Input data -
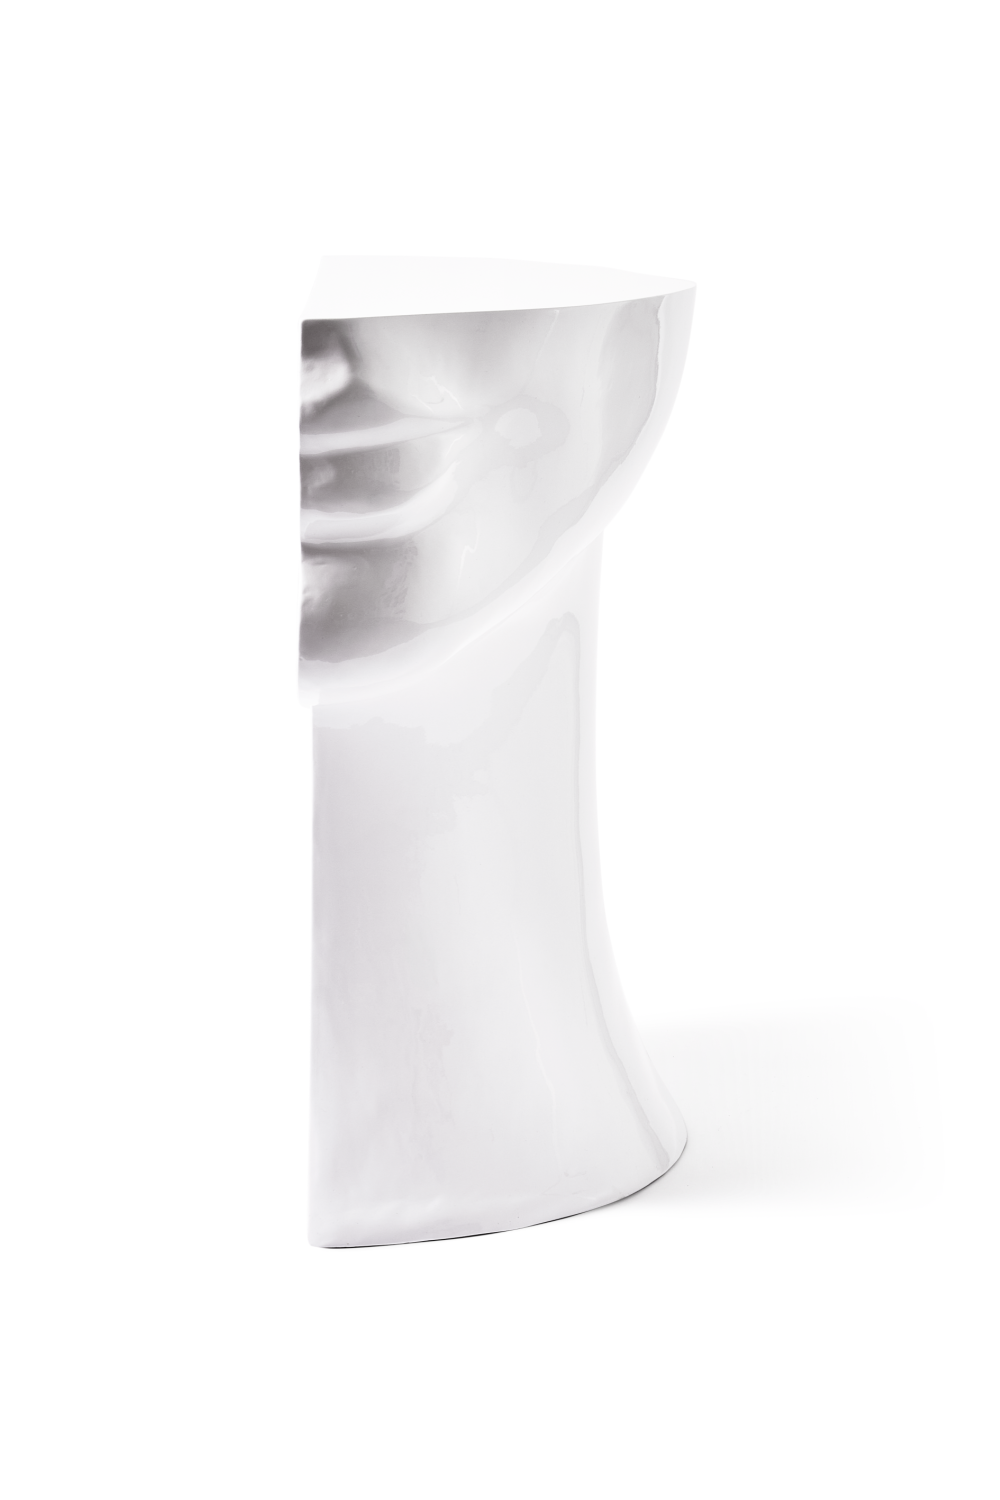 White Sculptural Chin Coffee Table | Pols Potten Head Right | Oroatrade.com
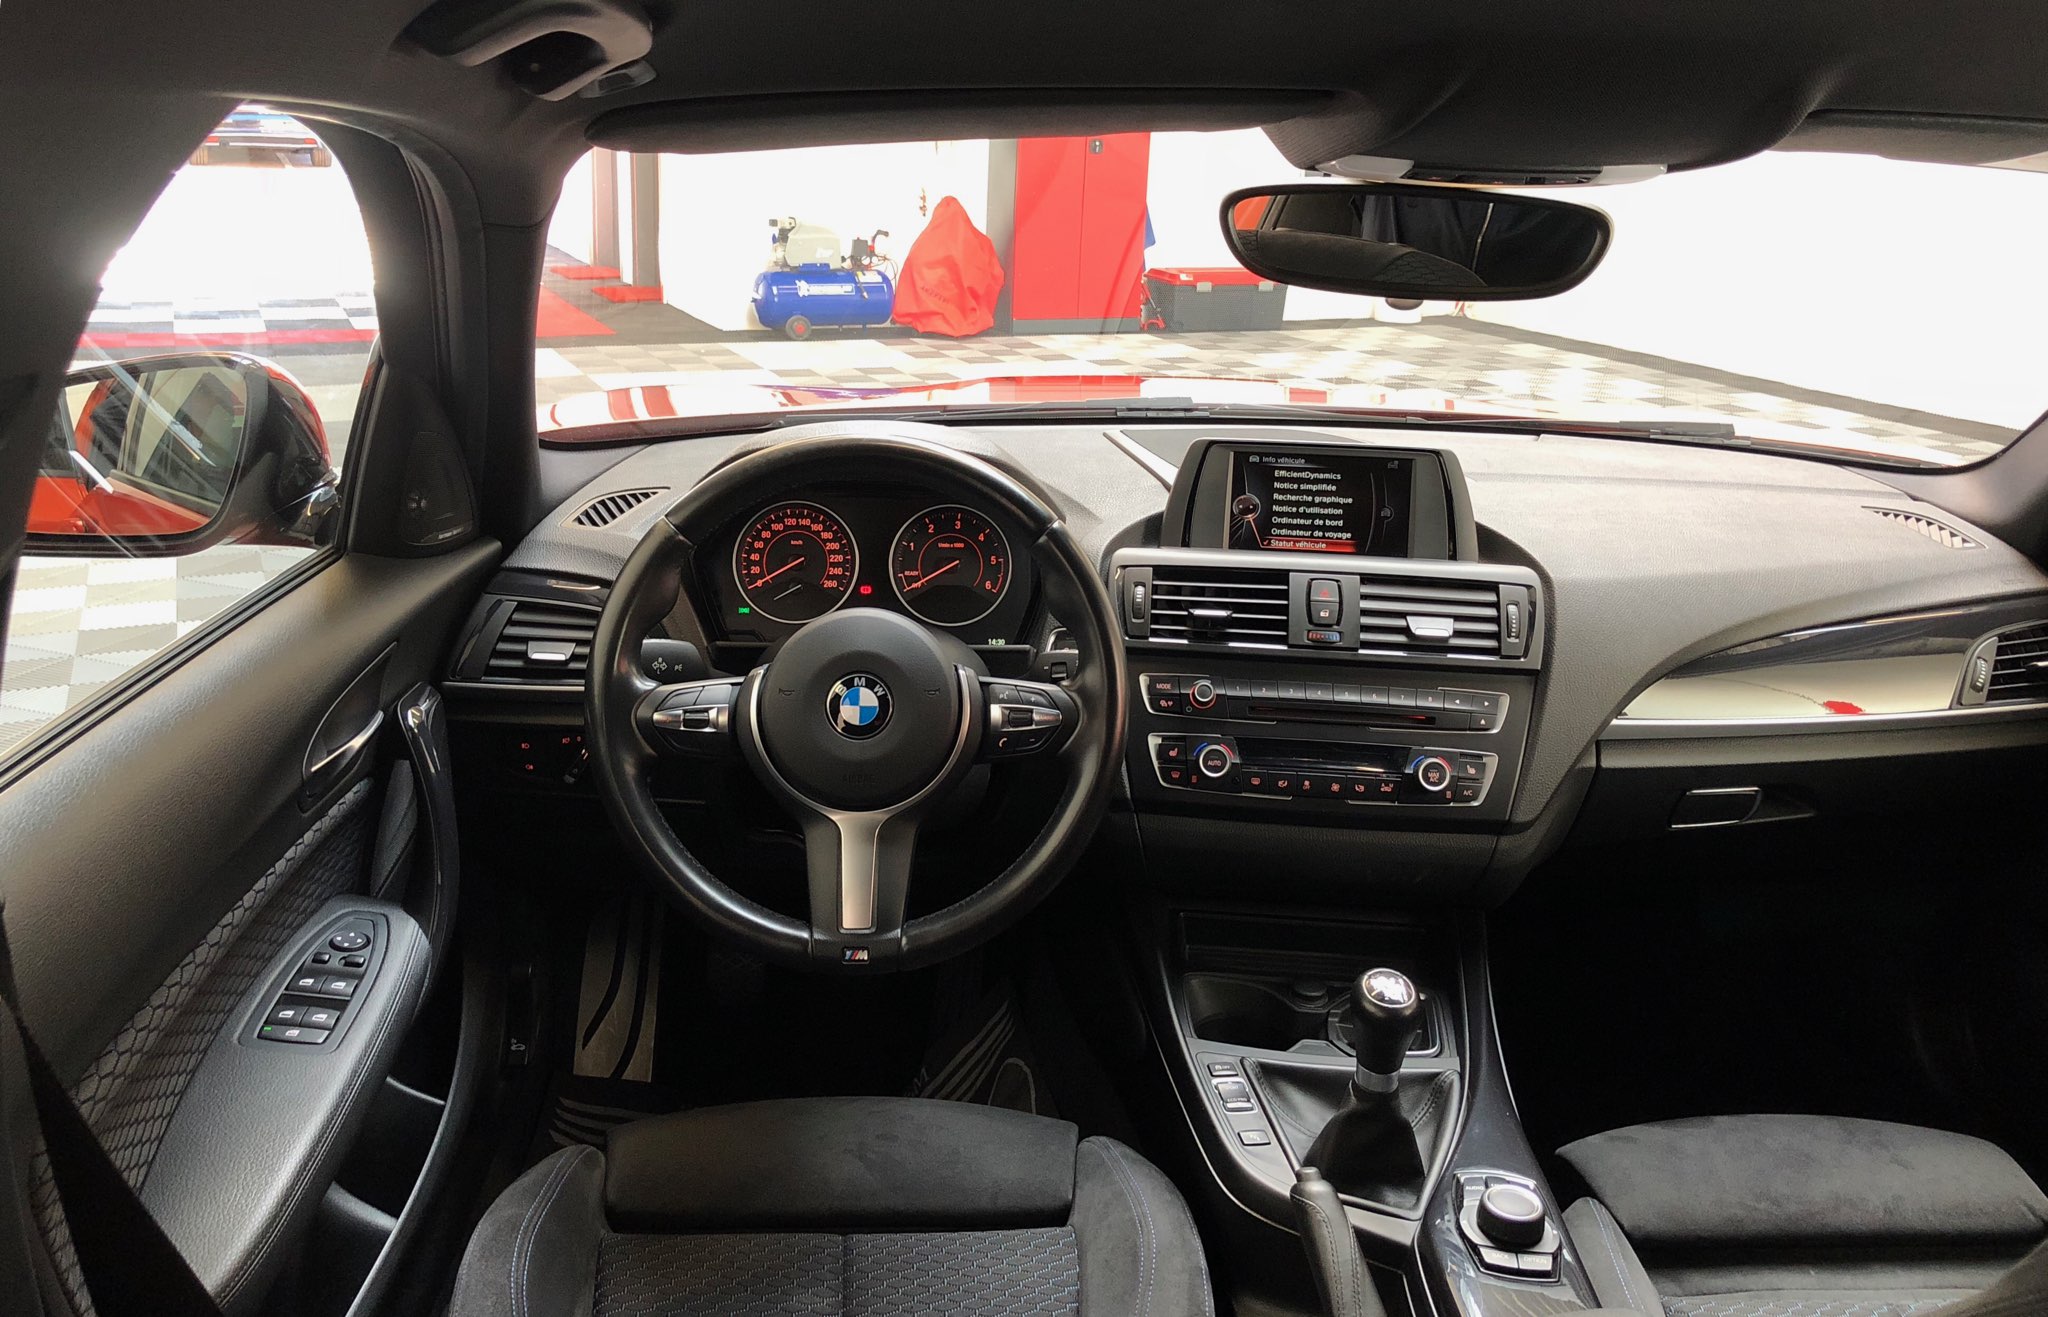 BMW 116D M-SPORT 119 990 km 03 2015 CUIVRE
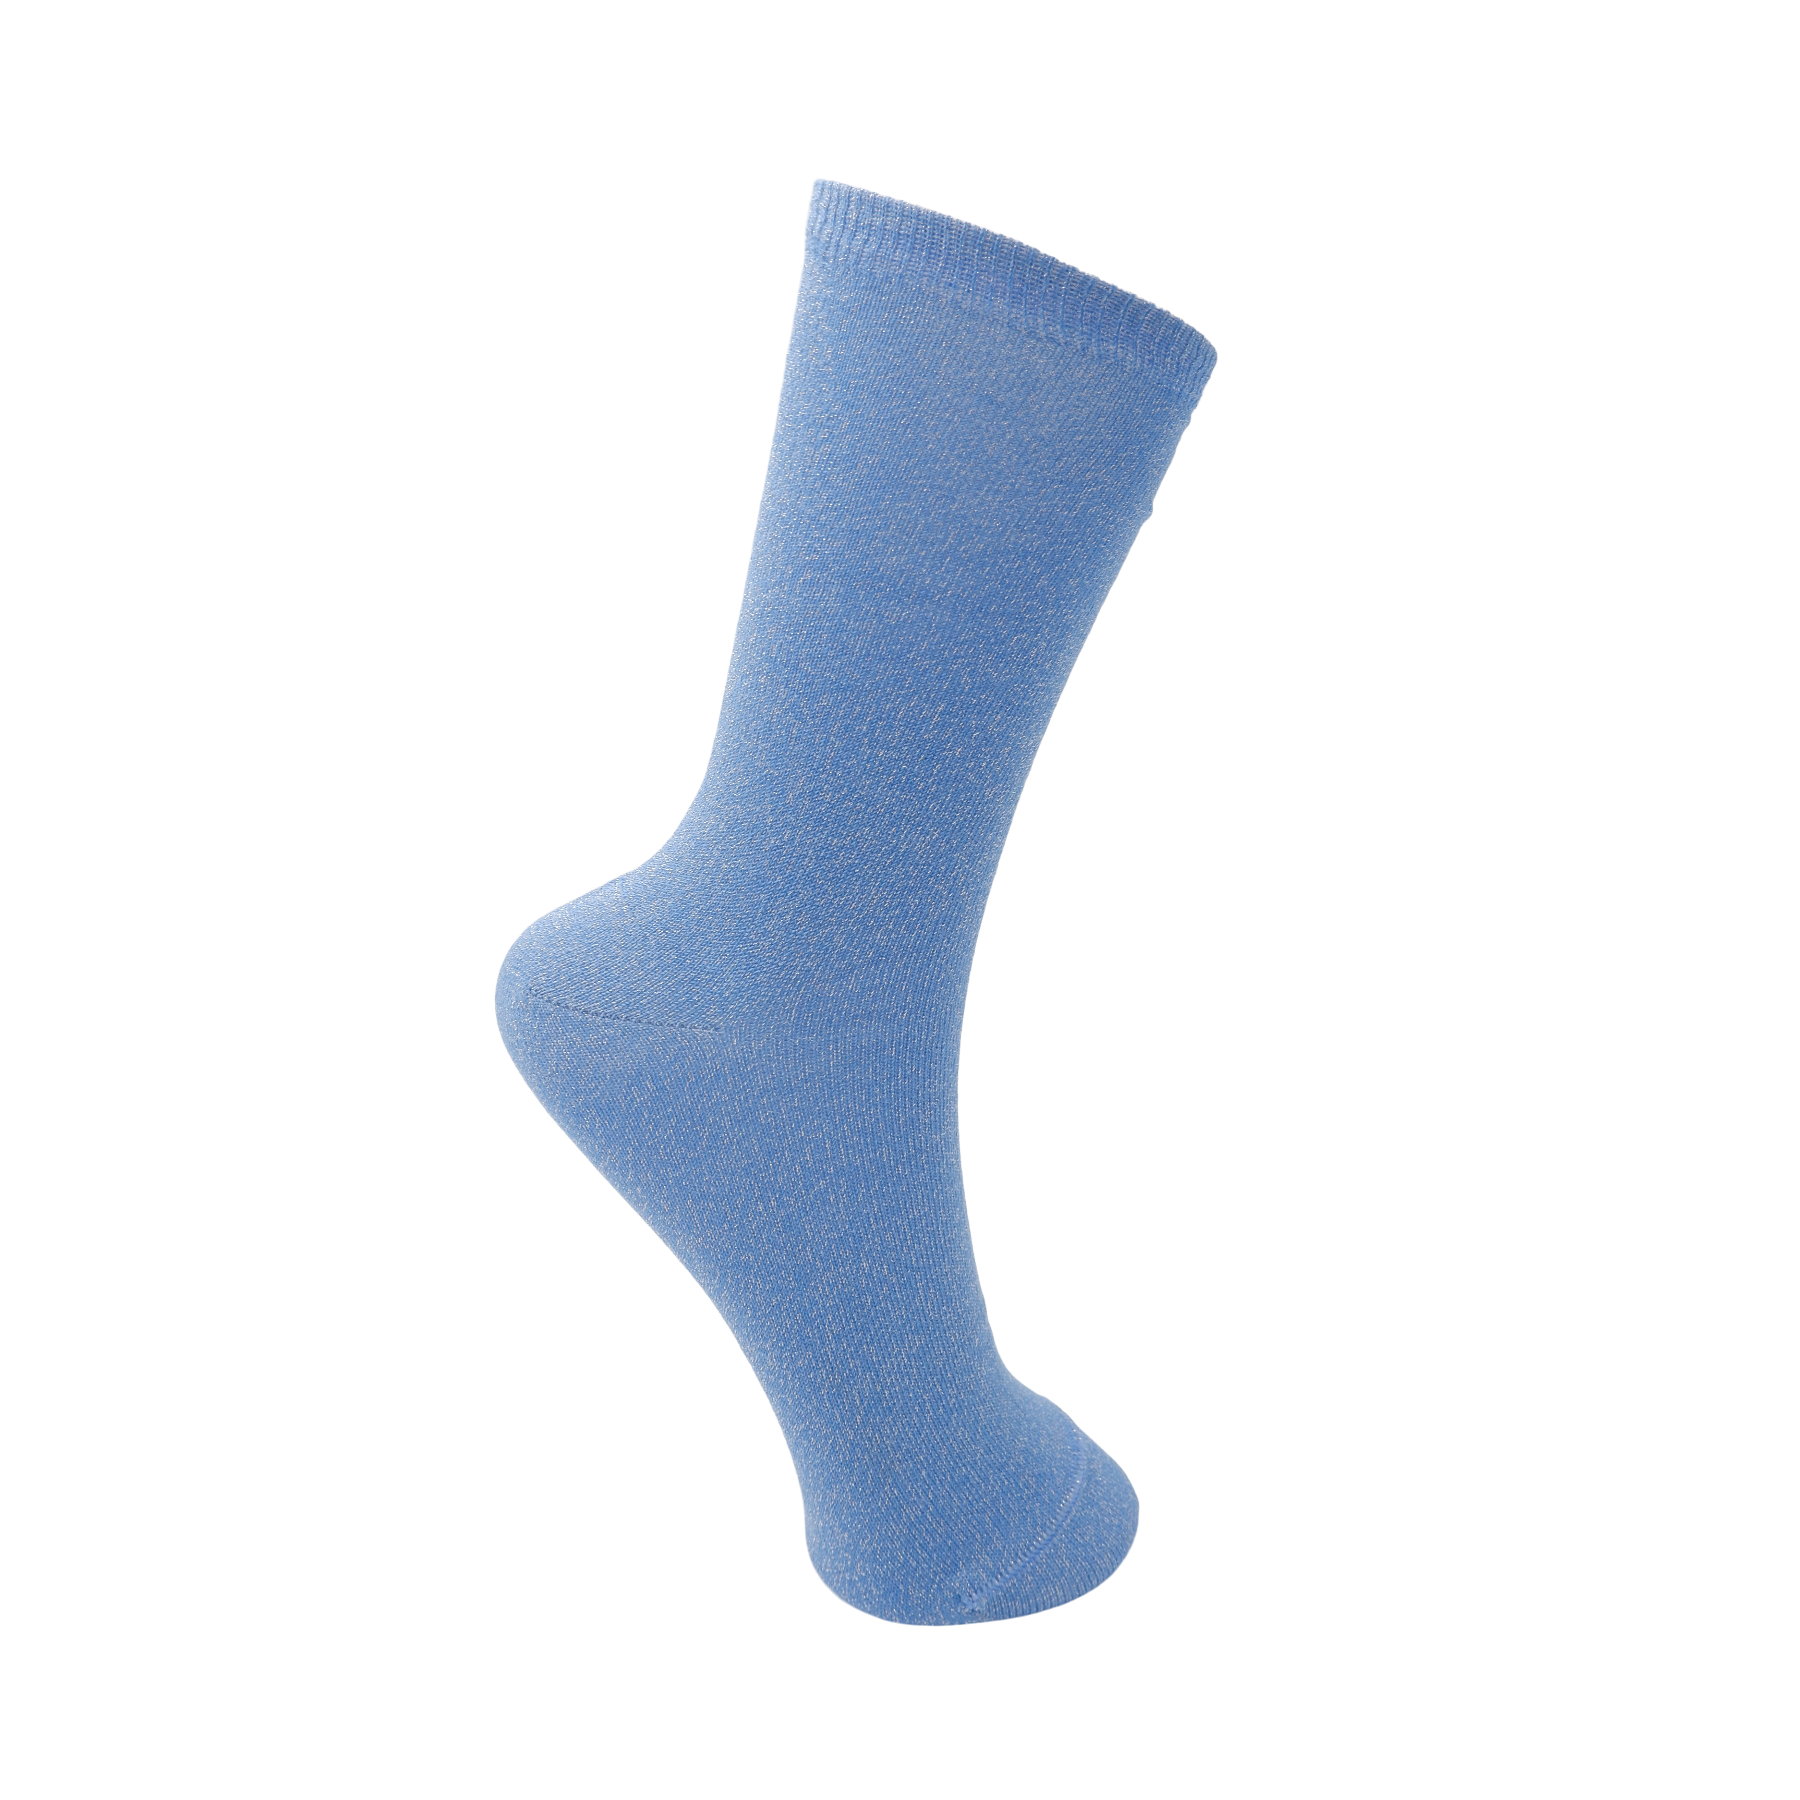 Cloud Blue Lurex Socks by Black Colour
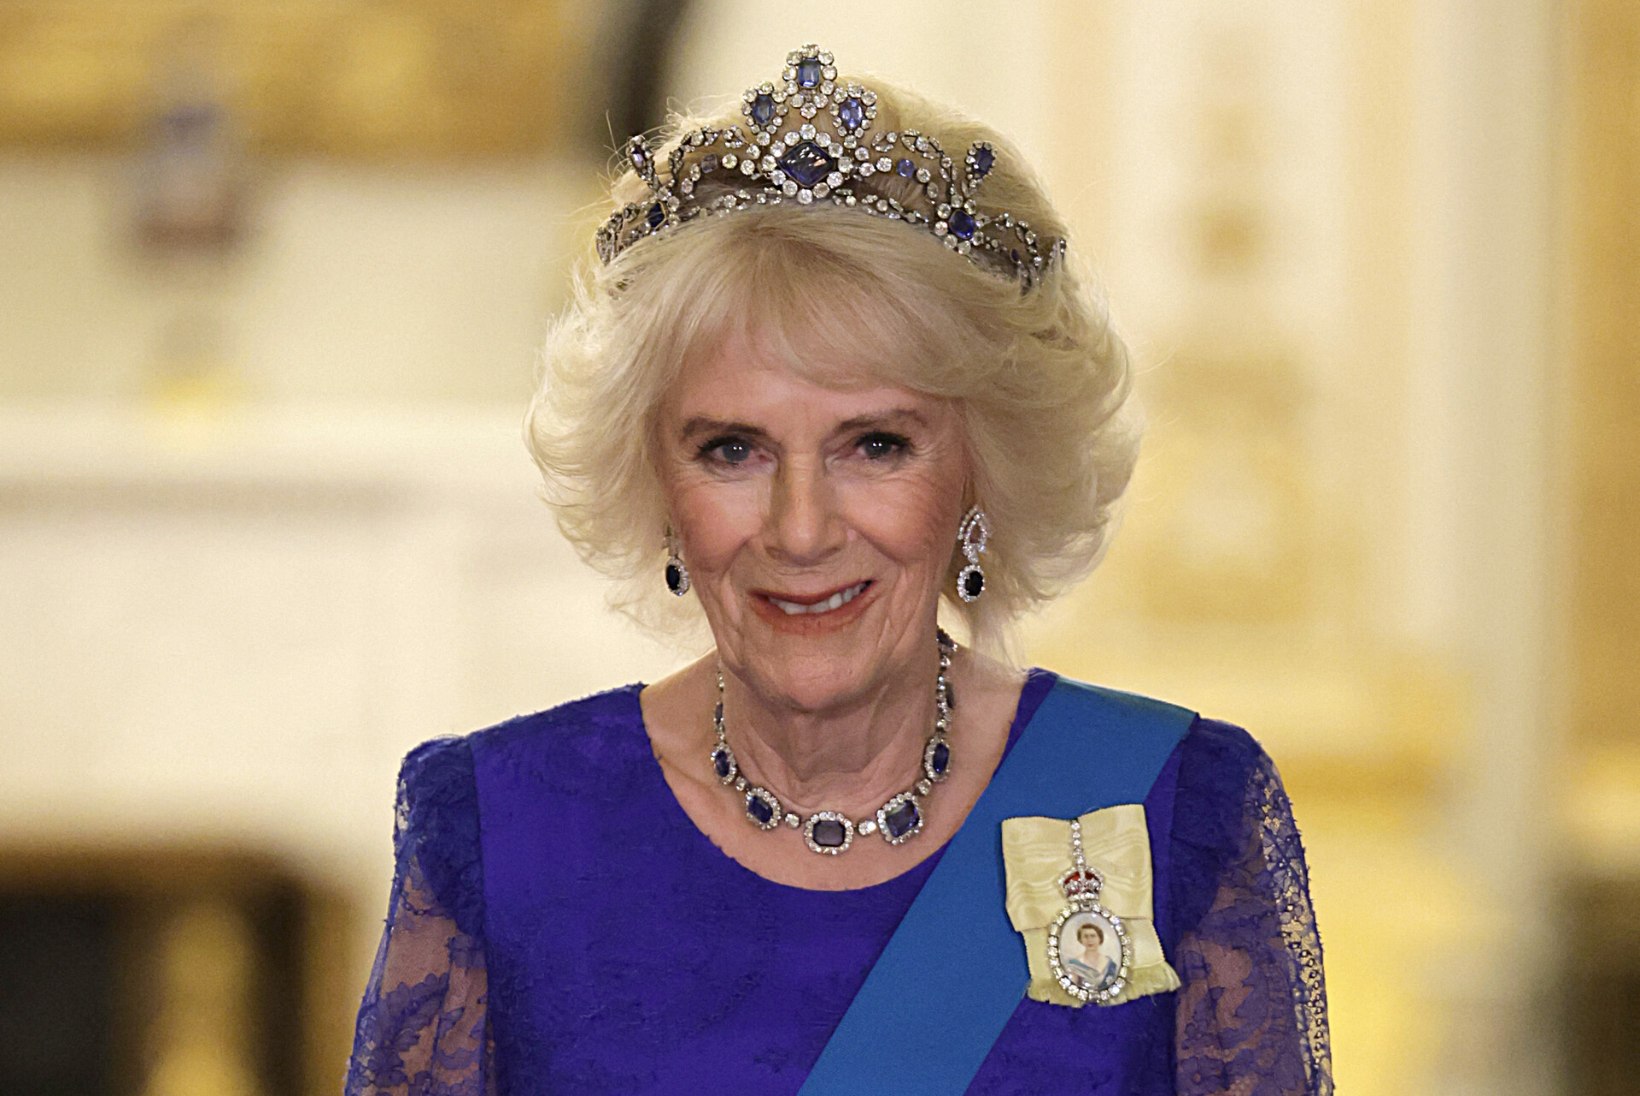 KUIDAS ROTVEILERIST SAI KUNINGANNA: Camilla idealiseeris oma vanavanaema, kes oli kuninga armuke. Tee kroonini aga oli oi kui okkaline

Exercise brief -
For this exercise, return the material word for word and drop each image.

Task response -
 White Sculptural Chin Coffee Table | Pols Potten Head Right | Oroatrade.com
 BMW 116D M-SPORT 119 990 km 03 2015 CUIVRE
 Cloud Blue Lurex Socks by Black Colour
 KUIDAS ROTVEILERIST SAI KUNINGANNA: Camilla idealiseeris oma vanavanaema, kes oli kuninga armuke. Tee kroonini aga oli oi kui okkaline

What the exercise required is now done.